The group’s strong performance was driven by its focus on safely delivering commercial and operational excellence across the integrated value chain, supported by high commodity prices, Petronas said.

“Petronas remains fully determined to strengthen its resilience and seize new opportunities by staying true to prudent financial management and firm capital discipline in investing responsibly to sustainably deliver profitable growth,” said Petronas president and group chief executive officer Datuk Tengku Muhammad Taufik.

“As it pursues these efforts, Petronas remains grounded on discharging its responsibilities to its shareholder including the nurturing of a resilient local OGSE (oil and gas services and equipment) ecosystem and contributing to the well-being of the communities where we operate,” Muhammad Taufik said.

On a quarter-on-quarter basis, Petronas 3QFY2022 net profit of RM30.8 billion represented an increase of 33.9% from RM23 billion in 2QFY2022. Quarterly revenue of RM99.2 billion was 6.2% higher than RM93.4 billion in the preceding quarter.

Upstream major capex contributor

Petronas said cumulative capital expenditure for 9MFY2022 amounted to RM27.4 billion, up 34% from the same period last year. “Upstream business remains a major contributor,” it said.

It recorded capex spending of RM18.9 billion in the first half of the year, which represents spending of RM8.5 billion in 3Q, back-of-the-envelope calculations showed.

In the nine-month period, the group achieved first hydrocarbon in 29 projects, representing an increase of 11 projects in the quarter compared to 18 in 6MFY2022.

A further seven projects have achieved final investment decisions in 3QFY2022, adding to the initial 10 projects in 6MFY2022.

“In expanding its growth strategy in West Africa, Petronas signed a farm-in with 30% equity in the Marine 20 Production Sharing Contract (PSC) in Congo Brazzaville with TotalEnergies and Woodside Energy, which achieved completion on 27 July 2022,” it added.

Despite its active upstream venture, Petronas said the upstream segment recorded a 19% reduction in greenhouse gas emissions in 3QFY2022, compared with the same quarter last year, thanks to the execution of multiple emissions reduction projects.

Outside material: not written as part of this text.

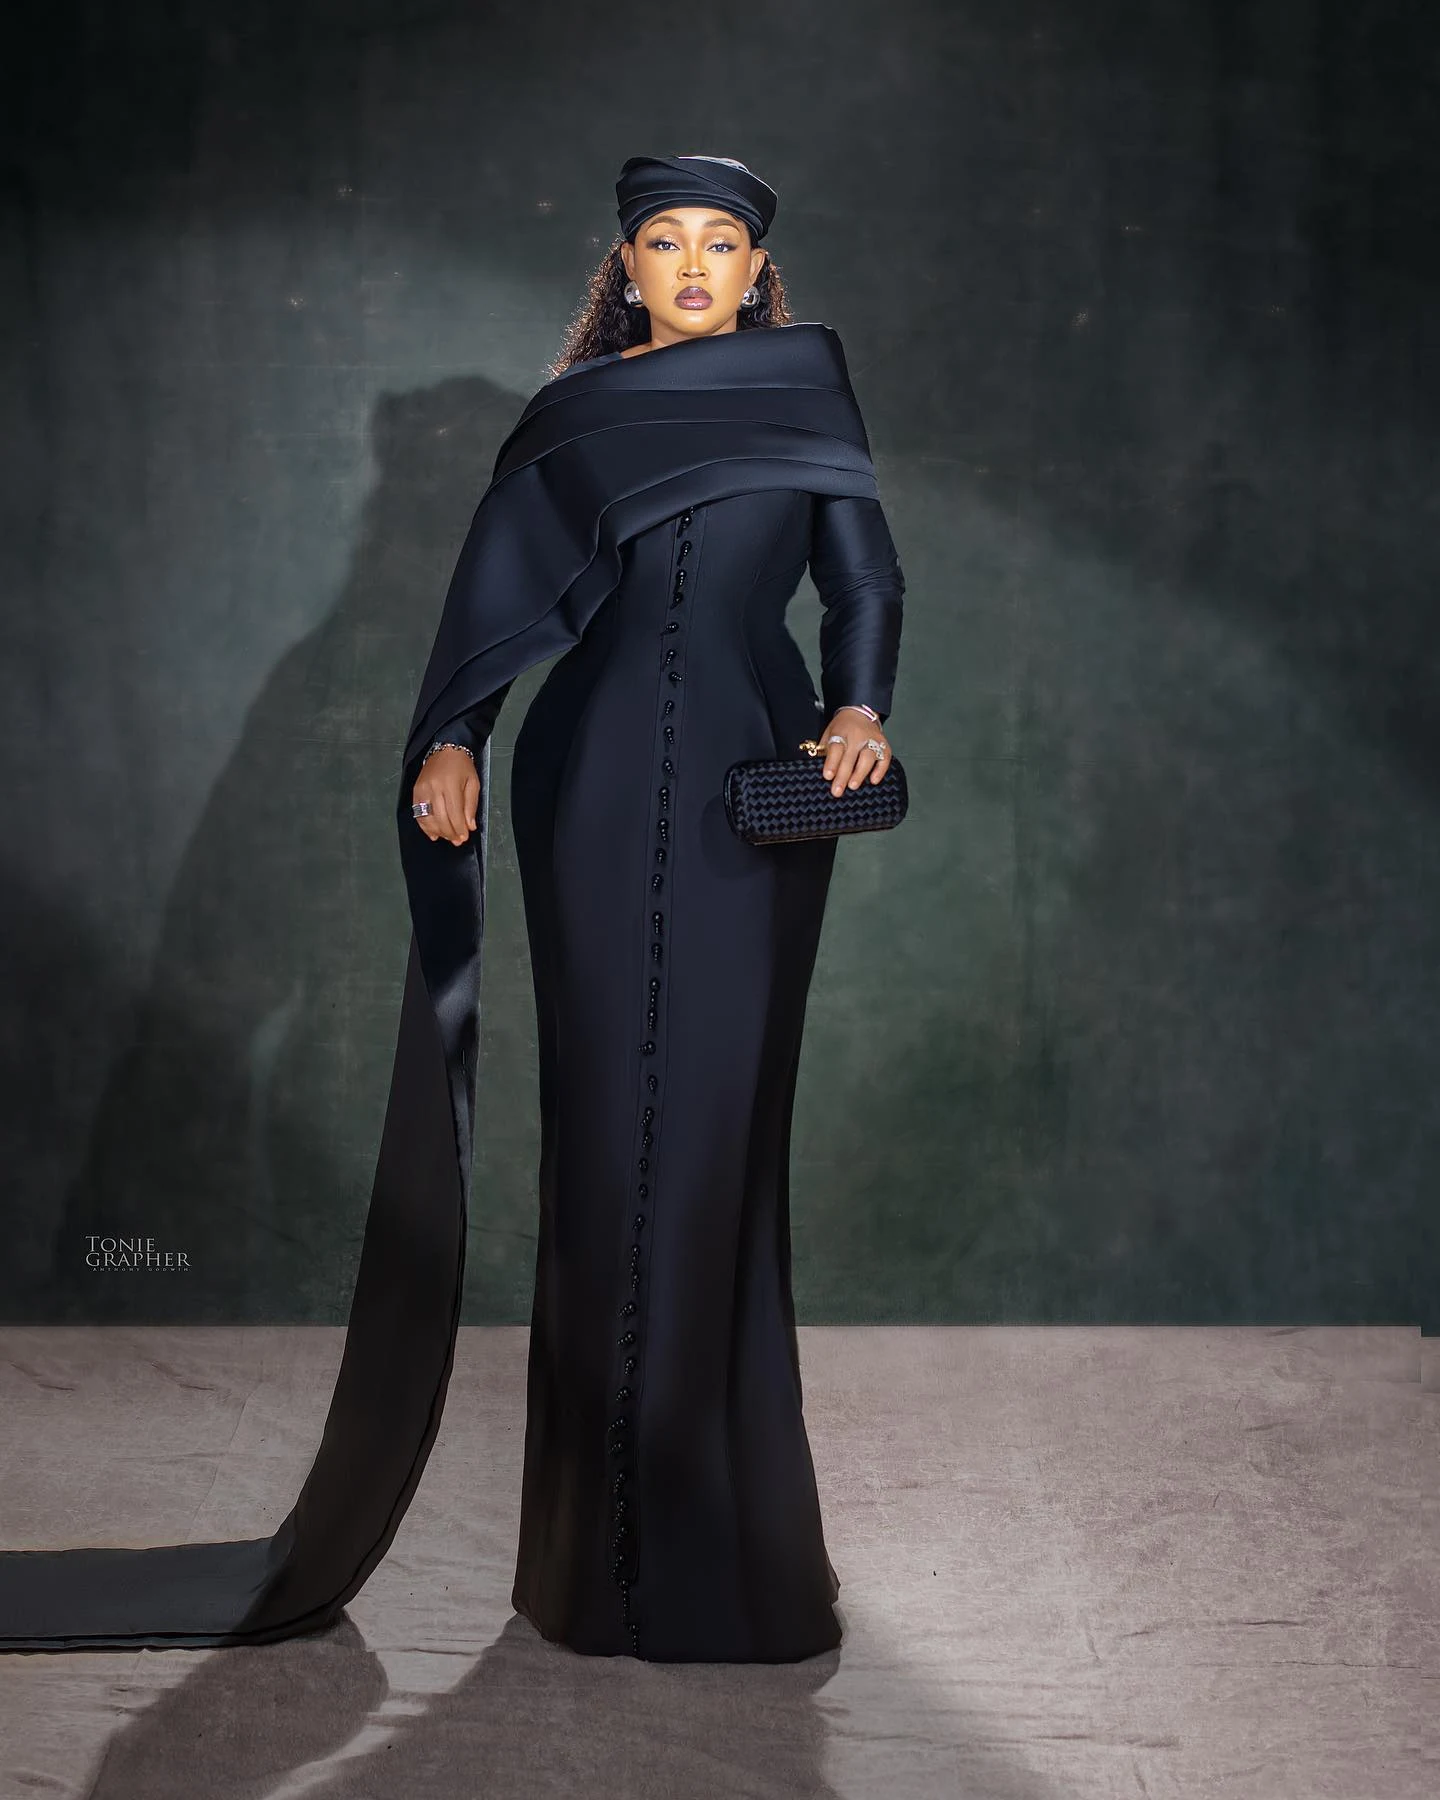 Adorable recent pictures of actress Mercy Aigbe
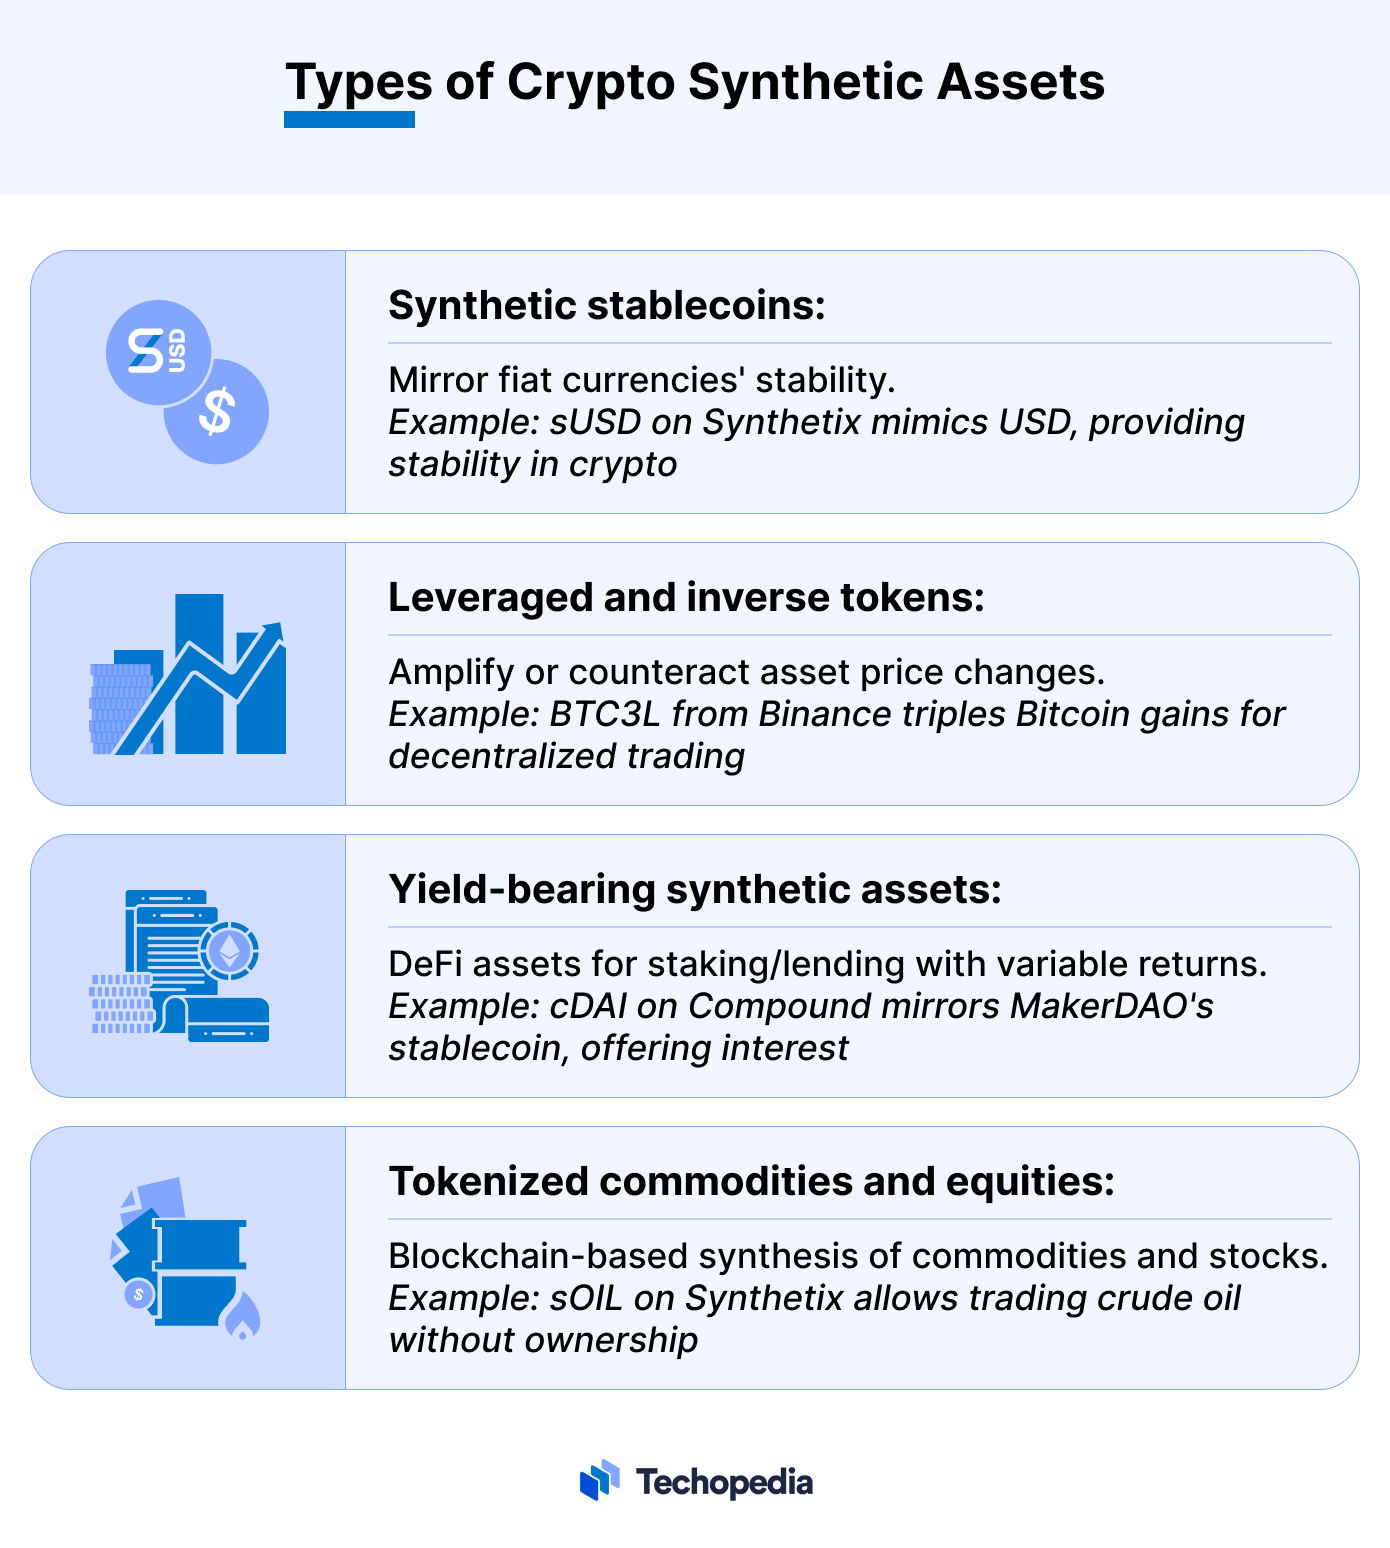 Types of Crypto Synthetic Assets

Meanwhile in the renewable energy segment, Petronas said its clean energy solutions provider Gentari Sdn Bhd achieved 1.12 gigawatt (gw) of renewable energy capacity in operations and under development as at end-September.

To-date, Gentari has installed a total of 89 electric vehicle charging points nationwide, it added.

In the nine-month period, the group also contributed more than RM540 million towards sustainability and community well-being and development efforts.

On industry outlook, Petronas expects oil and gas prices to remain volatile, influenced by intensifying geopolitical and economic headwinds.

“In the face of the unprecedented global energy crisis, Petronas will focus on safely delivering commercial and operational excellence.

“Petronas will continue to invest responsibly towards ensuring energy supply security, while pursuing its growth strategy and Net Zero Carbon Emissions (NZCE) target by 2050,” the group said.